Editorial: Oil Prices

Author: 
11 June 2008
Publication Date: 
Wed, 2008-06-11 03:00

Last fortnight ago oil chiefs in the UAE said oil prices were rising “too high and too fast.” It is in order to find ways to keep the price level reasonable that the Kingdom is hosting a meeting of oil producers and consumers in Jeddah, on June 22.

OPEC producers have increased output to try and put a brake on the rise. In the Kingdom’s case, not only did it increase production by 300,000 bpd to 9.45 million bpd this month, it has even expressed its willingness to increase it further. To no avail. In normal circumstances, such a production increase would have produced a fall in price. But these are neither normal circumstances nor normal times. Market forces are not working as usual. Because of the extra production, supply in fact now exceeds demand and commercial inventories are growing. Still the price goes up. Alexei Miller, head of the Russian energy giant Gazprom, has just warned that the prices are headed for $250 a barrel.

That is because of speculators who have seized control of the market. The problem started because a weak dollar forced investors to look elsewhere for profits; they latched on to oil futures. But they have taken a liking to them and a completely new investment structure has been created. Banks and financial houses have set up hedge funds to invest in oil prices and profit from them. They do not want the price to go down; they want it to continue its steady and unjustifiable ascent. The proof of that is that announcements which would normally result in prices falling — such as new finds off Ghana and Brazil or that Greenland has mega-reserves beneath its melting surface are ignored — but a ruptured pipeline or the threat of a storm near offshore platforms are used as excuses for pushing prices up even further.

The situation is now alarming. It is crippling for consumers in industrial economies where it has triggered a wave of protests and strikes, and even more so for those in developing countries whose hopes of prosperity may be dashed; the food crisis is a direct consequences of the oil price rise. In the long term, it is even more dangerous for producers. Consumers are going to look to alternative technologies and energy sources.

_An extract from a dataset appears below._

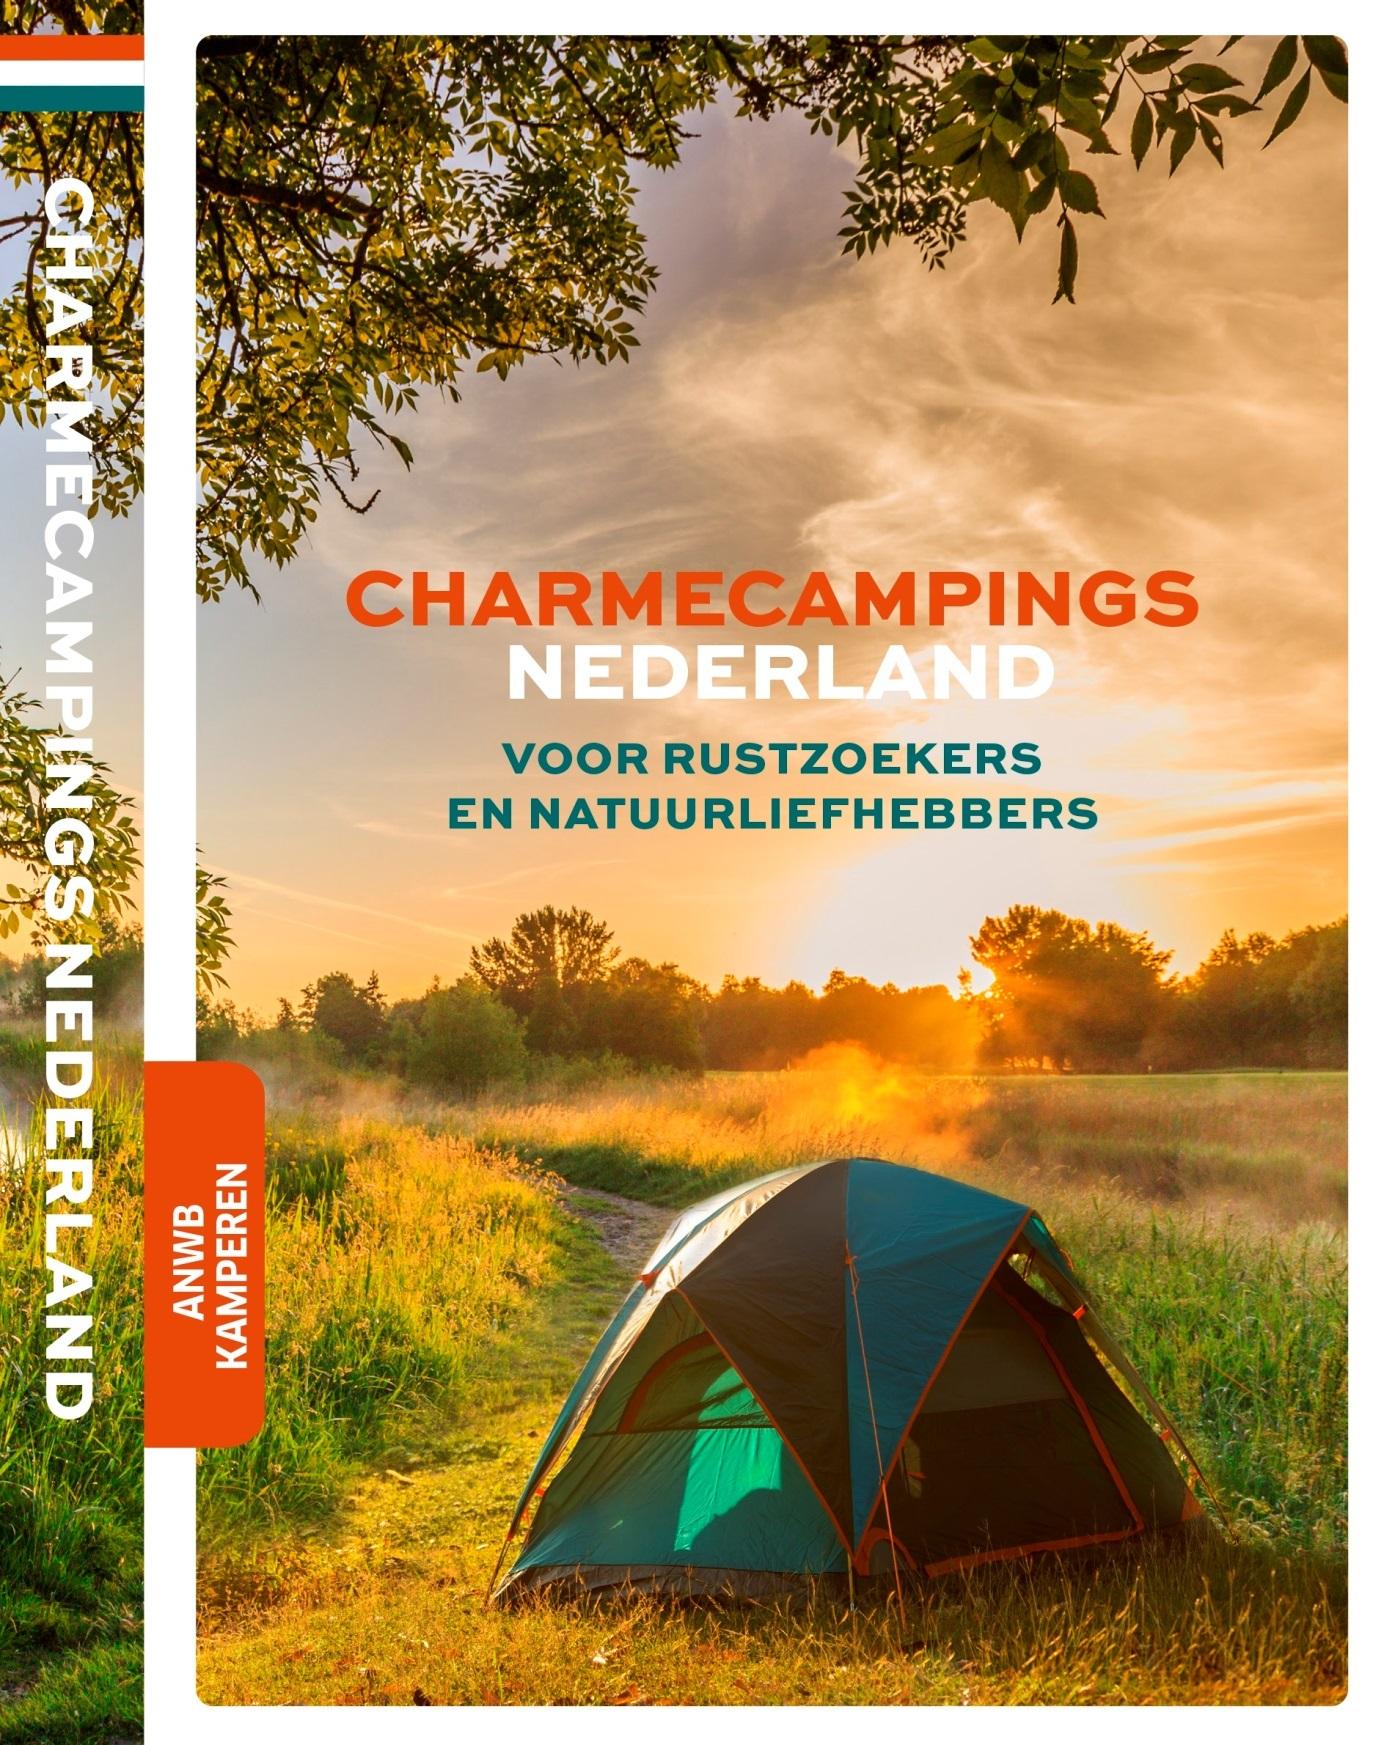 Charmecampings Nederland | ANWB campinggids 9789018047795  ANWB ANWB Campinggidsen  Campinggidsen Nederland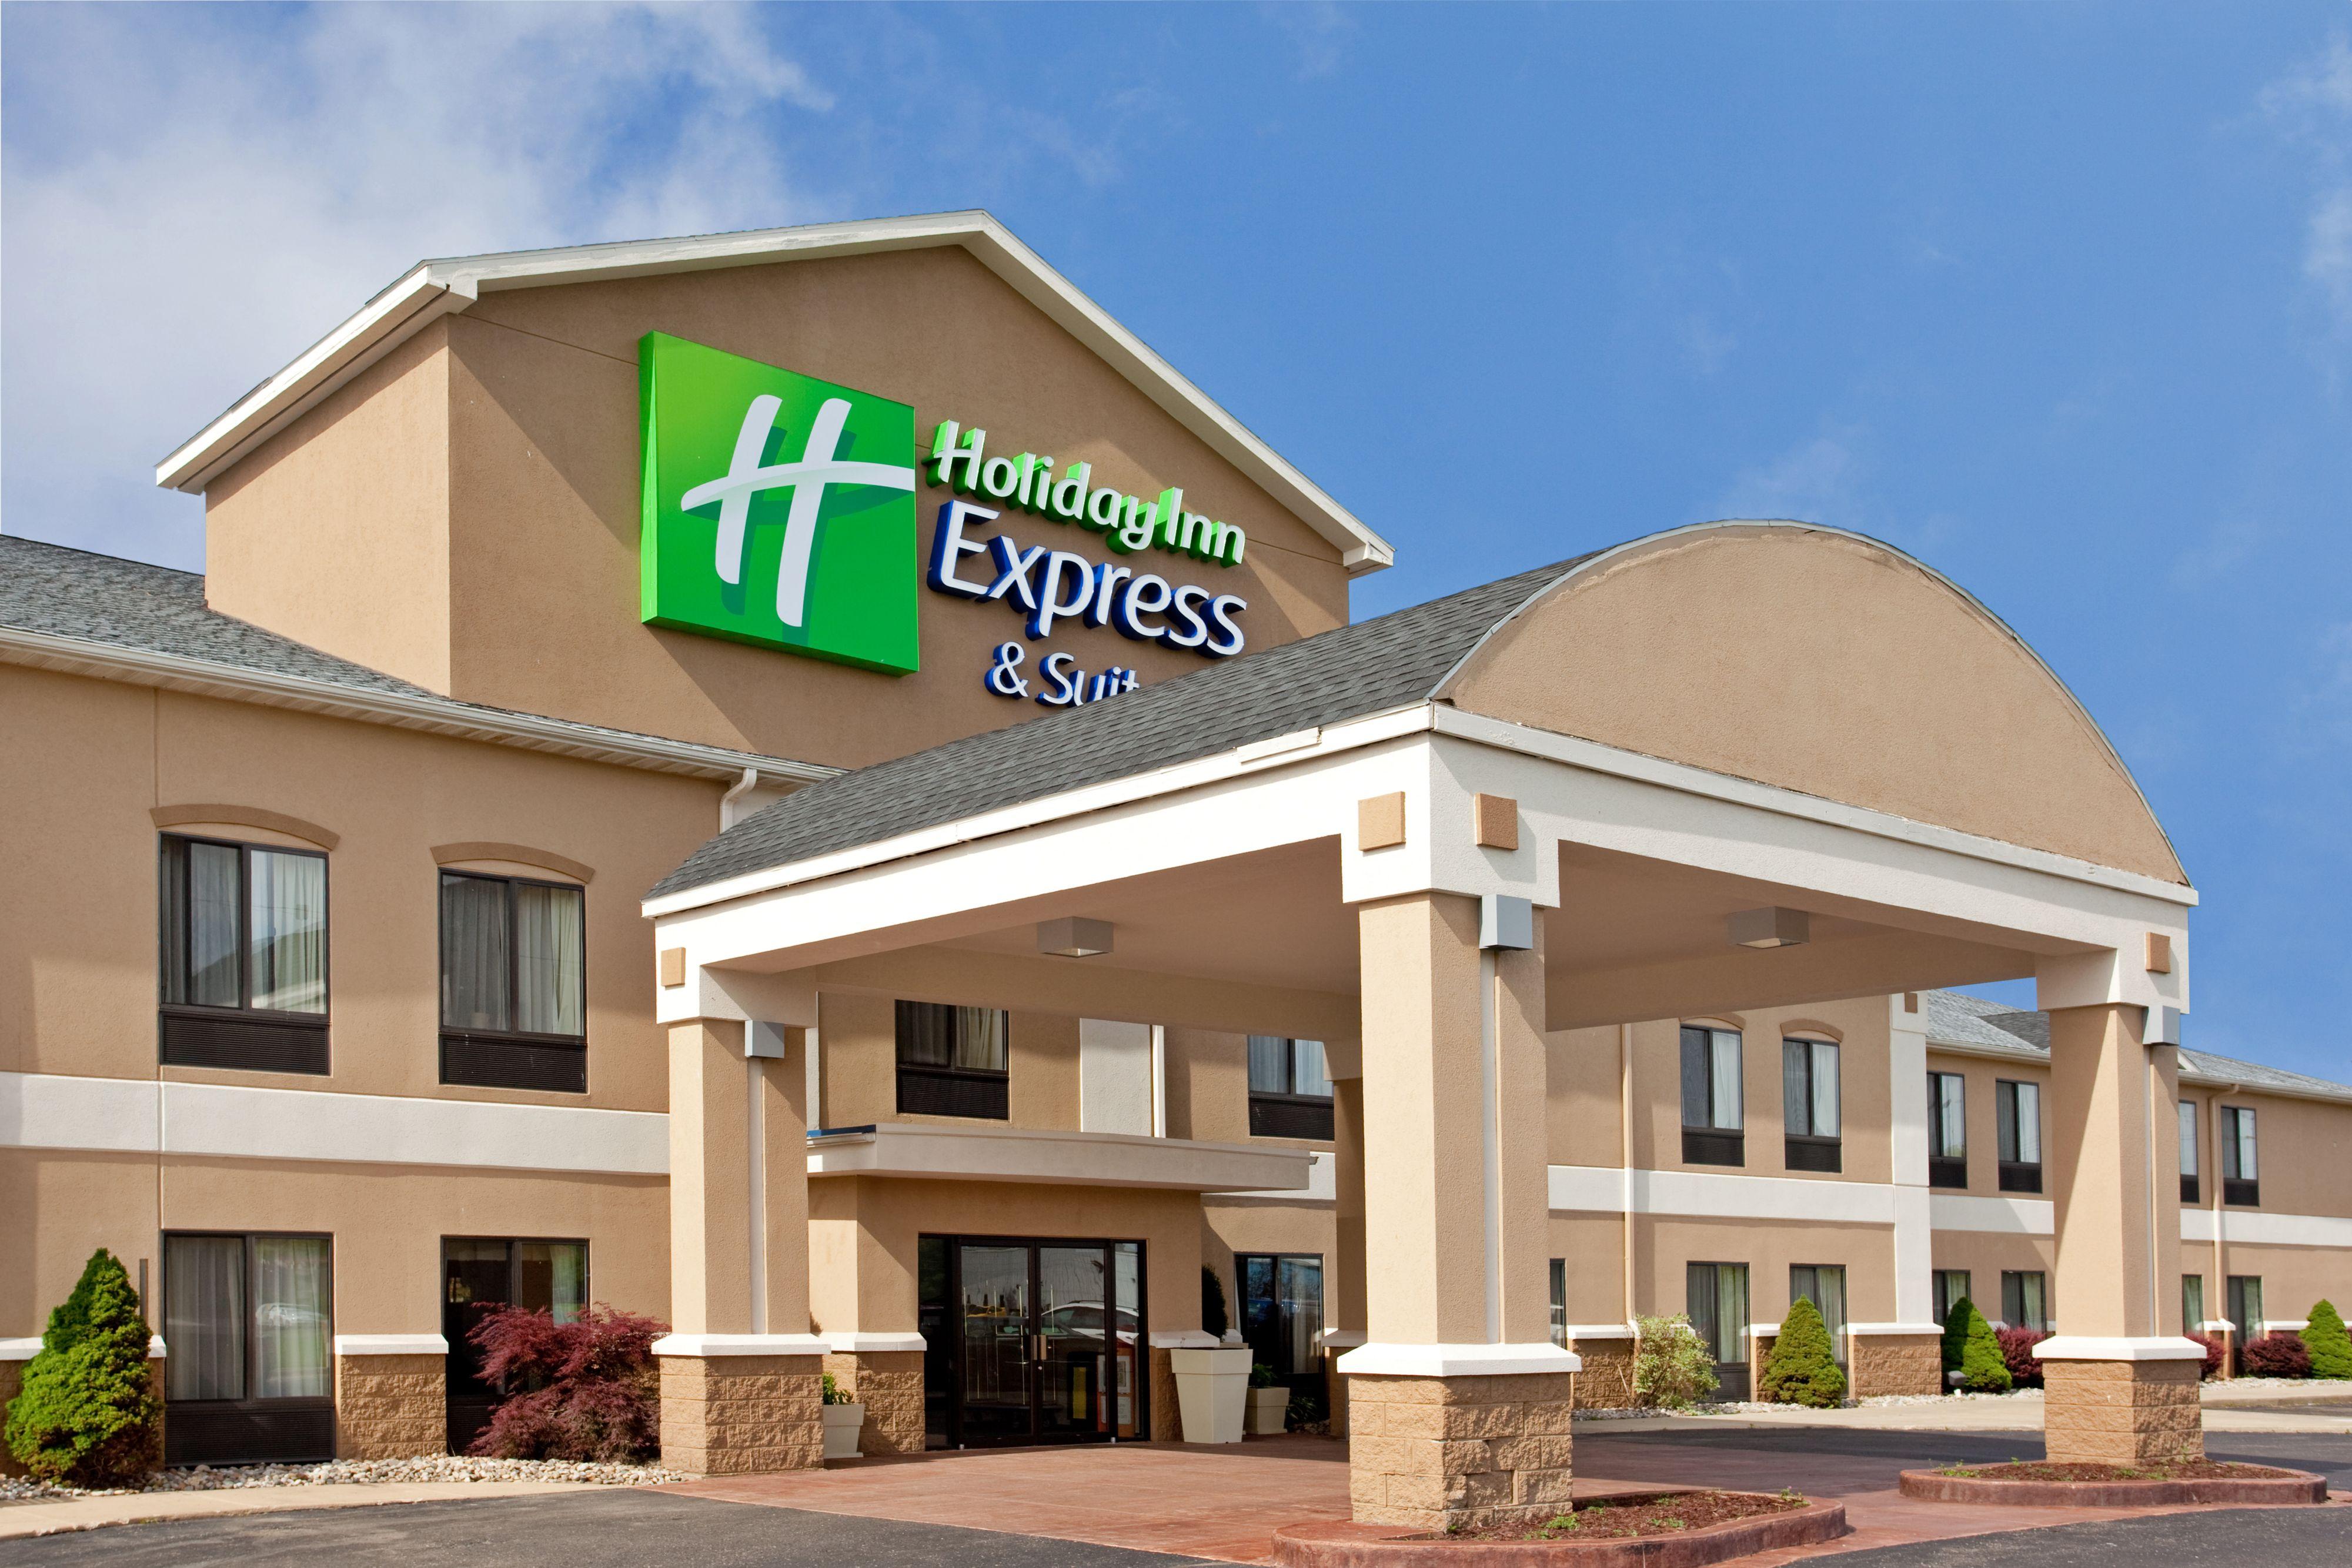 Holiday Inn Express & Suites Thornburg-S. Fredericksburg image 4

OPEC will help if extra production is required but that has to be part of a larger package of price-calming measures. Producers cannot do it all themselves. Thus the need for consumers and producers to get together. The target has to be the speculators. The use of hedge funds and massive financial reserves to push up the price of oil is immoral. Economies — people’s livelihoods and their hopes of prosperity — are at risk.

But can the genie be forced back into the bottle? Having developed the mechanisms to push prices up and benefit from them, can banks and financial institutions be persuaded to stop? There are ways. Speculation could be taxed out of business, although it would require unprecedented cooperation between countries that till now have been loathe to work together on tax matters.